Then, there was a small period from 1970 to 1997, where people did get paid, and they got paid very handsomely and everyone made money. But now that period has gone.

So if you look at the history of recorded music from 1900 to now, there was a 25 year period where artists did very well, but the rest of the time they didn’t.

I think people are fascinated about what Jagger has to say since he is one of the most wildly successful and no doubt wealthy recording musicians of all time with career longevity most artists envy. Plus, he’s rich, right? Is he saying it was just good timing? (Nah, I’m certain some of that musical genius and epic charisma had something to do with it.) However, despite Tyler Cowen’s friendly rib that Jagger is no economist, the phenomenon Jagger is talking about is no less true and is explained further by Daniel Wolf of Renewable Music,

That date [Jagger is referring to] in the late 90′s coincides rather precisely with the mass introduction of cheap digital recording equipment and media as well as the widespread use of portable digital players.  The old model of radio advertising paying royalties for recorded music which was licensed cheaply for broadcast with the idea that randomly-heard broadcasts of songs were advertisements for the purchase of albums — which allowed the listener to select particular songs on their own — pretty much collapsed at that point in time.  The technological innovations leading to ever-cheaper and ever-more accurate recording and storage capacity were inevitable but the whole thing gets ugly when one considers that the firms selling the new recording technologies were, in many cases, also publishers of the music that was inevitably going to be recorded.

The “gets ugly” Wolf is referring to is the loss of revenue to individual artists. (Check out this scary graphic re: distribution of profits in the music world via NewsObserver TechJunkie.) This is admittedly a problem for most artists aiming to have a recording and performing career. Wolf further notes, and correctly in my opinion,

Although recordings and webcasts may have some advertising function, in the end, the grand experiment [of commodifying music] may leave us back where we started, with live performance the most important — and in many cases, only — opportunity for a musician to earn money.

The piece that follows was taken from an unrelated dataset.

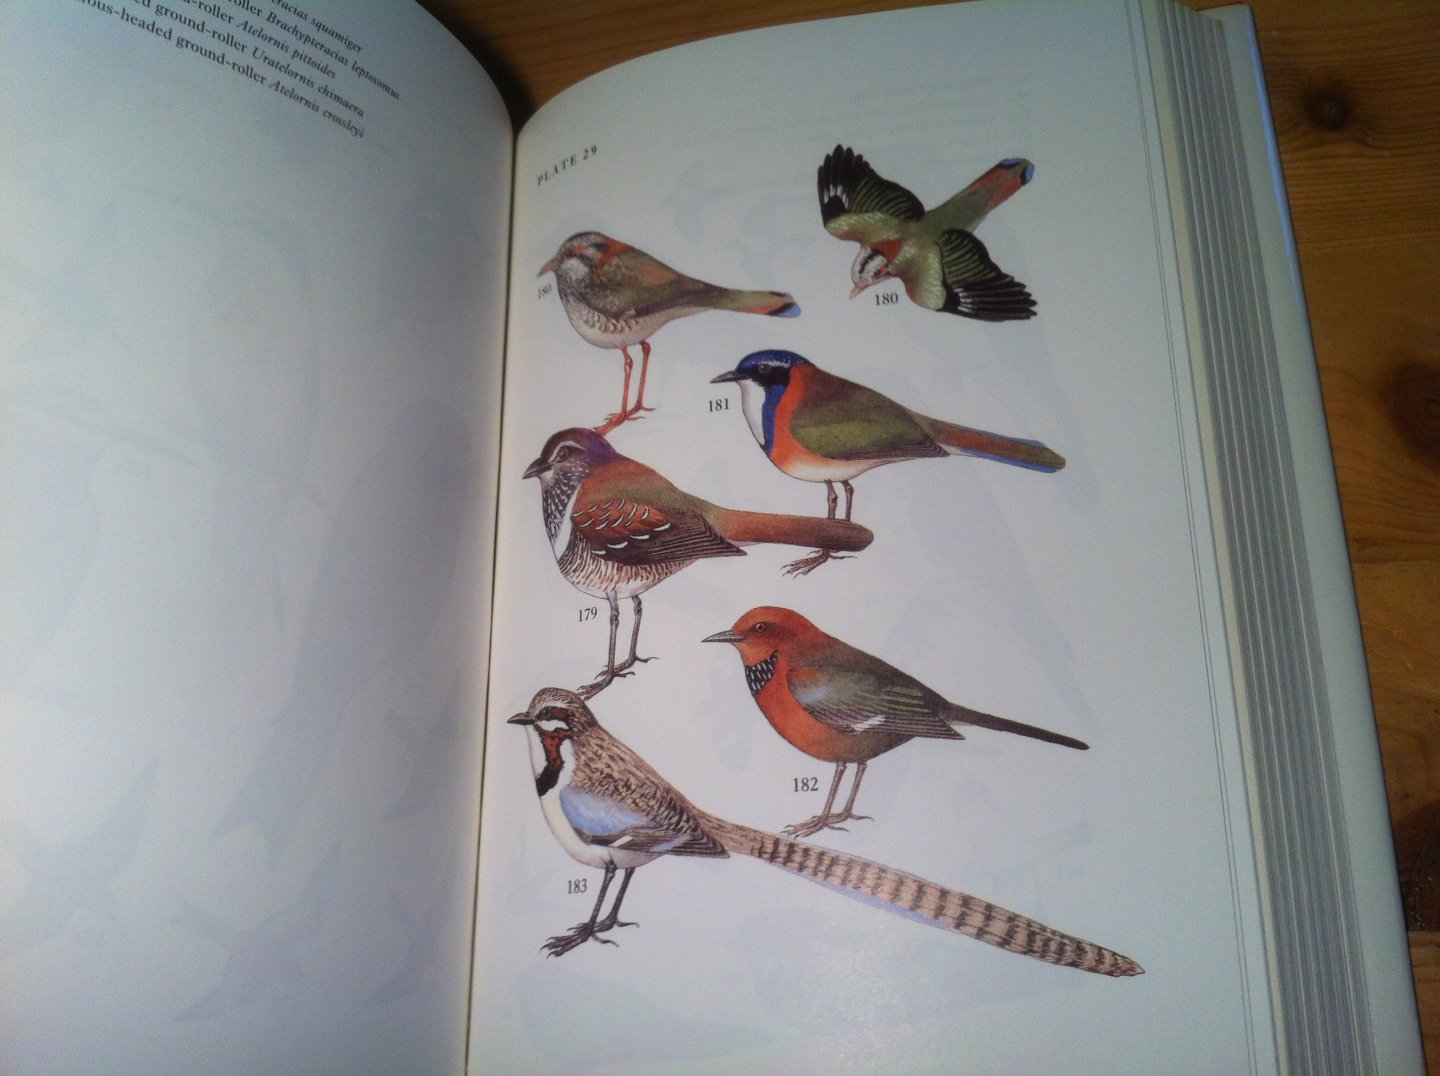 Langrand, O & V Bretagnolle - Guide to the Birds of Madagascar

While I will only mention the can of worms that is the issue of Baumol’s cost disease in live performance, I think Wolf is correct in that performance is likely to be the most lucrative way to make money. It is undeniable that the business model for artists is subject to rapid change, in particular when technology is introduced and dramatically alters the landscape artists have to work with.

However, I find it curious that despite the fact that individual artists are likely to have low(er?) chances of making it big financially in music, introduction of technology has helped achieve what has long been considered one of the most troubling aspects of becoming and artist and disseminating work: access to distribution channels. Never before in history have so many people been able to access A) ways to make and distribute their own music cheaply B) ways to hear music of all kinds cheaply. This is an undoubted improvement, as far as egalitarian ideals of access to the arts are concerned.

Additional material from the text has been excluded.